He is Dracula meets King Arthur, Sherlockian brainpower and Lupin trickery joined forces, centerpiece to urban thrillers turned into fairytales as The Big Bad Wolf switches sides to save us. Though his setting looks the part, The Shadow is no gritty film noir creature: he is what happens when the cutthroat gangsters and invincible spymasters and predatory businessmen behind it all meet the actual scariest guy around: Death itself, as the ultimate master and servant joined in one, who found a higher calling fighting for us instead, breaking and bending and controlling the rules and tipping them ever so slightly in the favor of those who are usually in no position to fight back.
(Art by Giovanni Timpano, for The Shadow #25)
As we discussed The Shadow, I suggested an opening scene with a cloaked figure emerging from a night fog to prevent a desperate young man from taking a suicide plunge from a high bridge.
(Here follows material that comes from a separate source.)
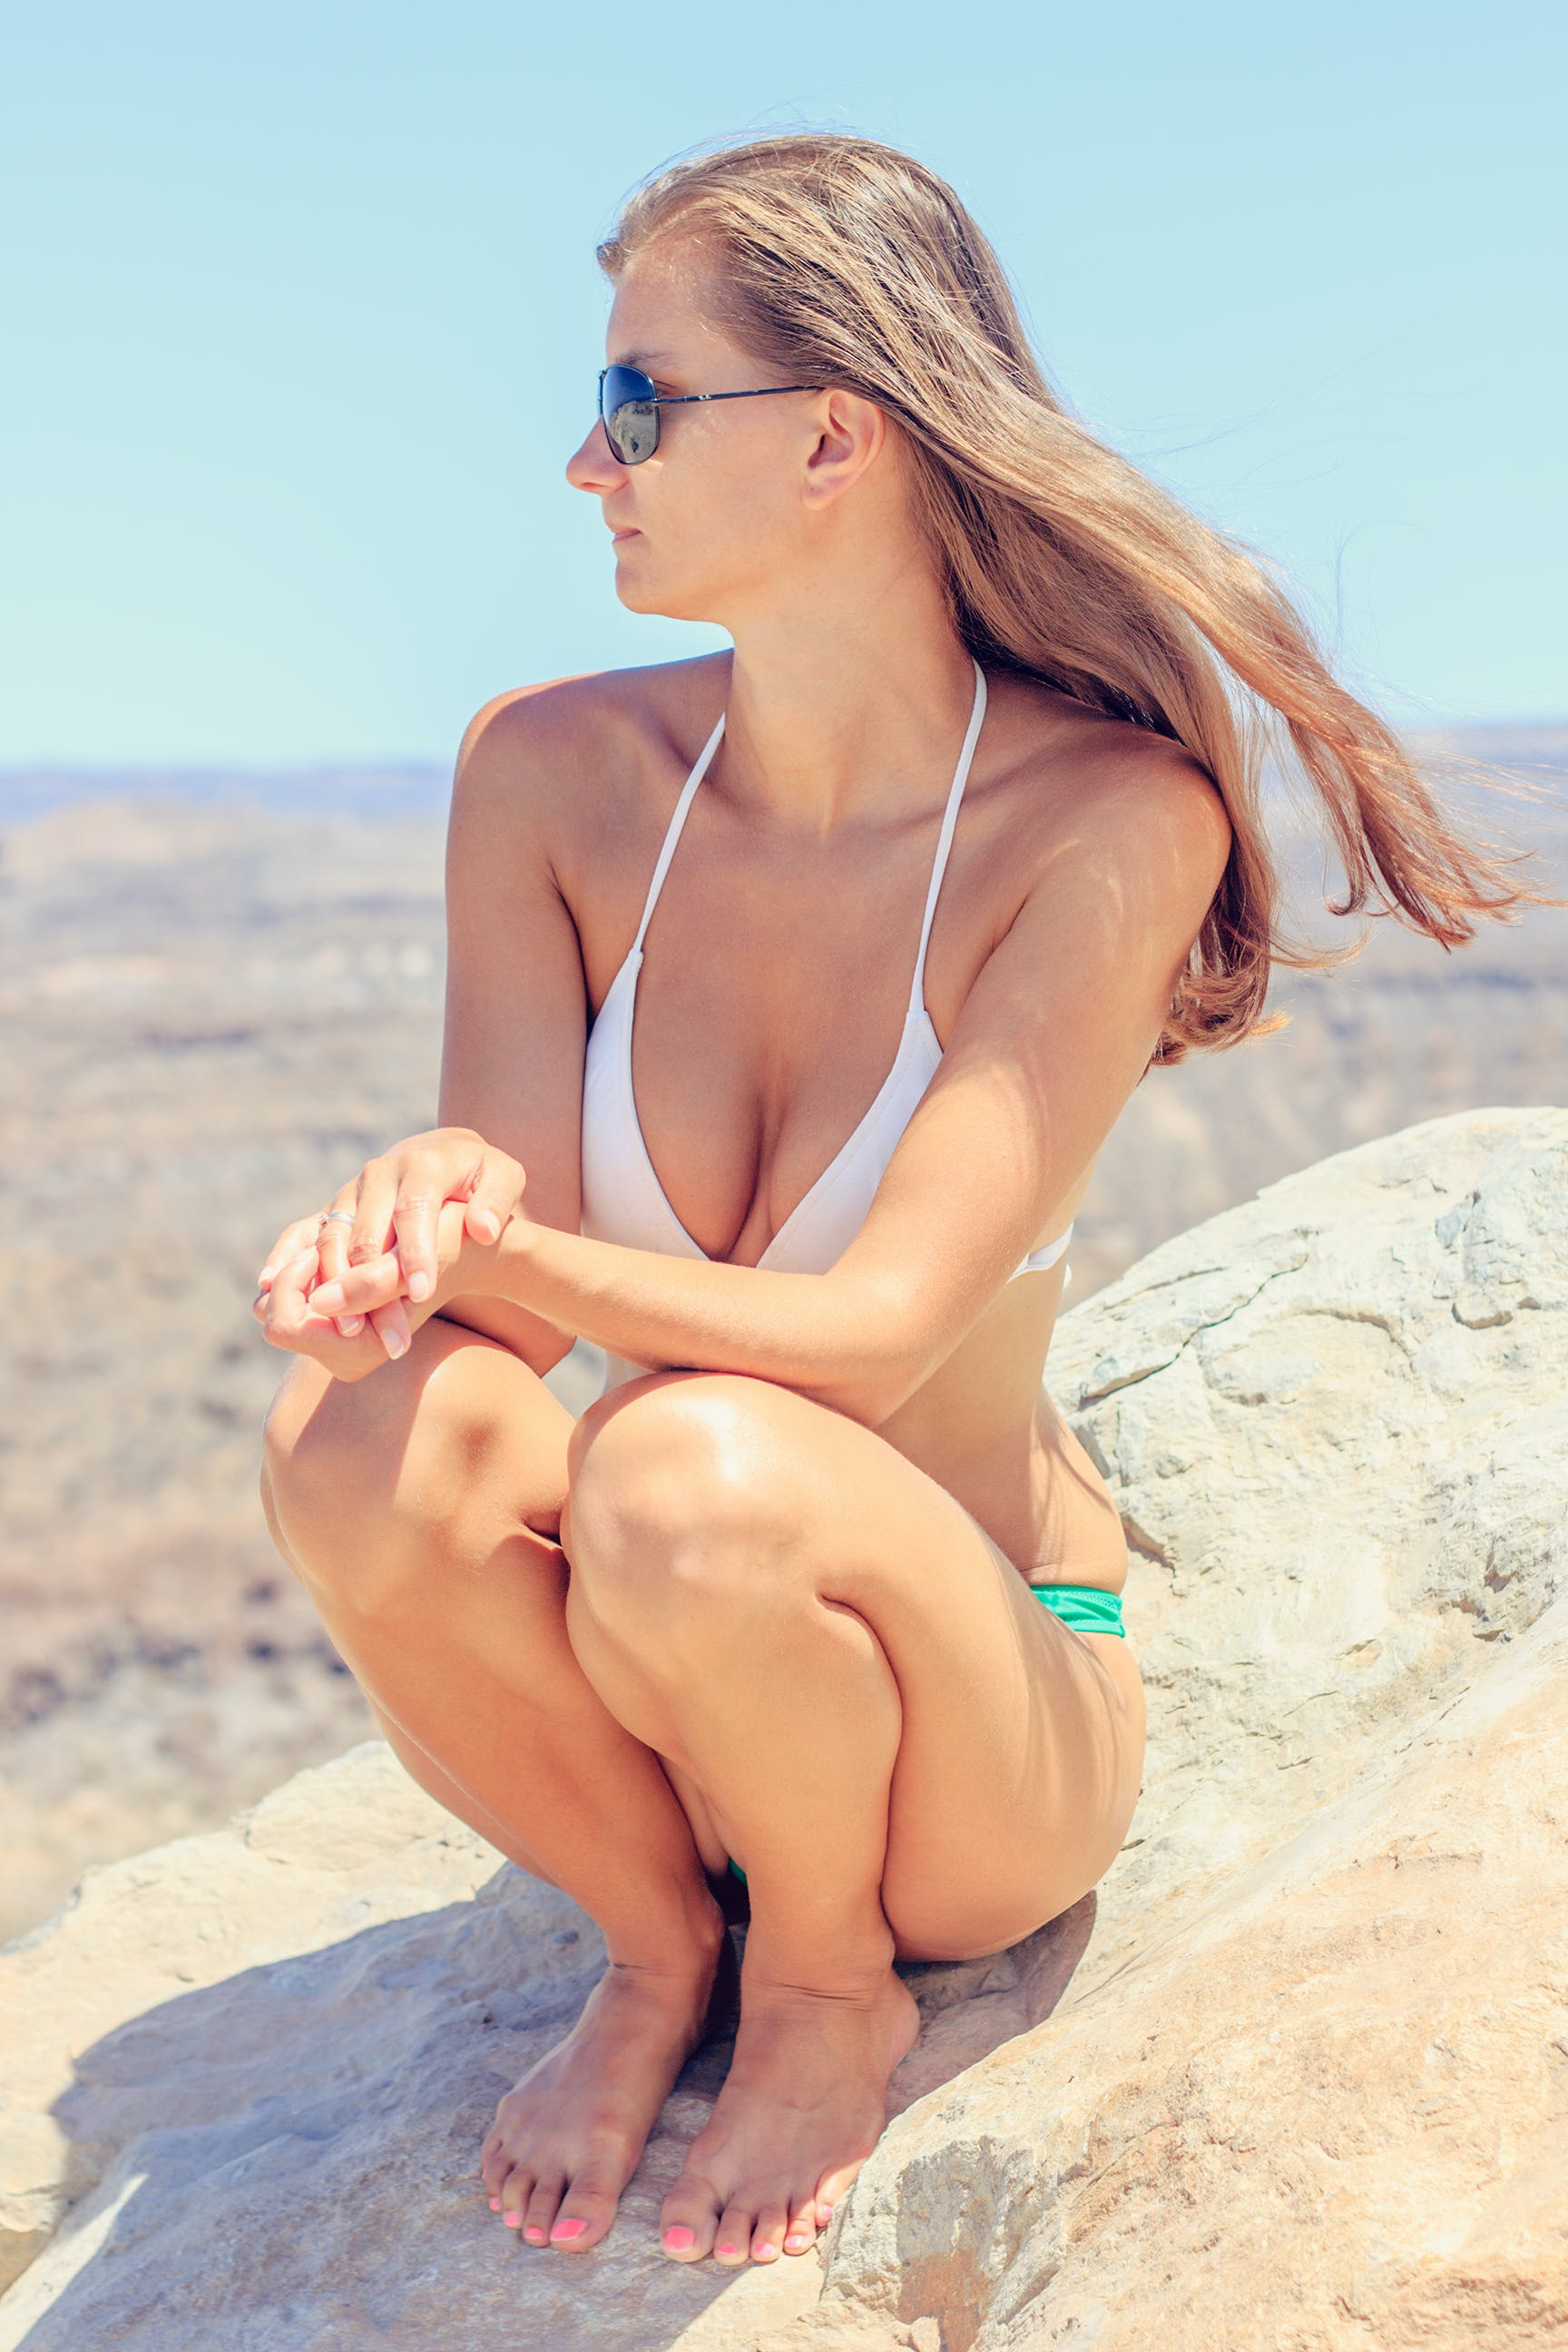 zu badeanzug, bikini, blondes haar, felsen

Thus befriended, the young man would swear loyalty to his rescuer and thereby become involved in exciting adventures with otherp persons who had been aided by the same benefactor, all being united in a common cause against crime. - Walter Gibson
That is where the Agents come in. As The Shadow is a distant living puzzlebox, we are very rarely privy to his thoughts and feelings, he glides through many stories scarcely-seen until he needs to be, and so we frequently experience things from the viewpoint of proxies, whether they are agents or characters swept into intrigue that only The Shadow can save them from. The first Shadow story opens up with a broke and depressed young man named Harry Vincent, ruined by the Great Depression reality of the time and trying to commit suicide, who is saved from it by The Shadow, and upon accepting a new purpose in life as his agent, grows into a dependable and strong ally, friend and even leader to people once like him over the course of the following adventures.
Across his history The Shadow has had agents and allies among all walks of life: redeemed/pretend criminals who use their reputations to provide The Shadow with inside knowledge, war vets, police officers, prison reformists, troublemaking journalists, government agents, politicians, criminologists, psychologists, high society chameleons, streetwise cabbies, janitors, the homeless, even crooks who once worked for those that The Shadow opposed, with some stories dedicated entirely to The Shadow playing guardian angel or working to provide second chances to those who've turned to crime. Community leaders with opposing viewpoints, rebel spies, prostitutes, historical figures such as Amelia Earhart and Nikola Tesla, robots, political activists and freedom fighters, doctors, birds, boxers, actors, magicians, beavers, and a list too big to get into here. There was a crimefighting dog at some point also and he was a very good boy.
Said list also includes the guy most people initially assume is his secret identity, a wealthy globetrotting man-about-town named Lamont Cranston. The first on-screen meeting between The Shadow and his secret identity Lamont Cranston consisted of The Shadow showing up in the dark at Cranston's bedside, wearing his face and telling him in pristine detail how much he's usurped Cranston's life, and effectively blackmailing him into leaving town so he can continue being Cranston uninterrupted. It is considerably less known, however, that eventually Cranston and The Shadow became weird friends following this ordeal and worked together several times, with Cranston turning out to be a pretty entertaining hero in his own right even besides his designated purpose of being rich and useless, even he was not immune to The Shadow's ability to enact positive change on his allies. Which is one note I'll end this post on: that The Shadow and his surroundings can be a lot more layered than given credit for.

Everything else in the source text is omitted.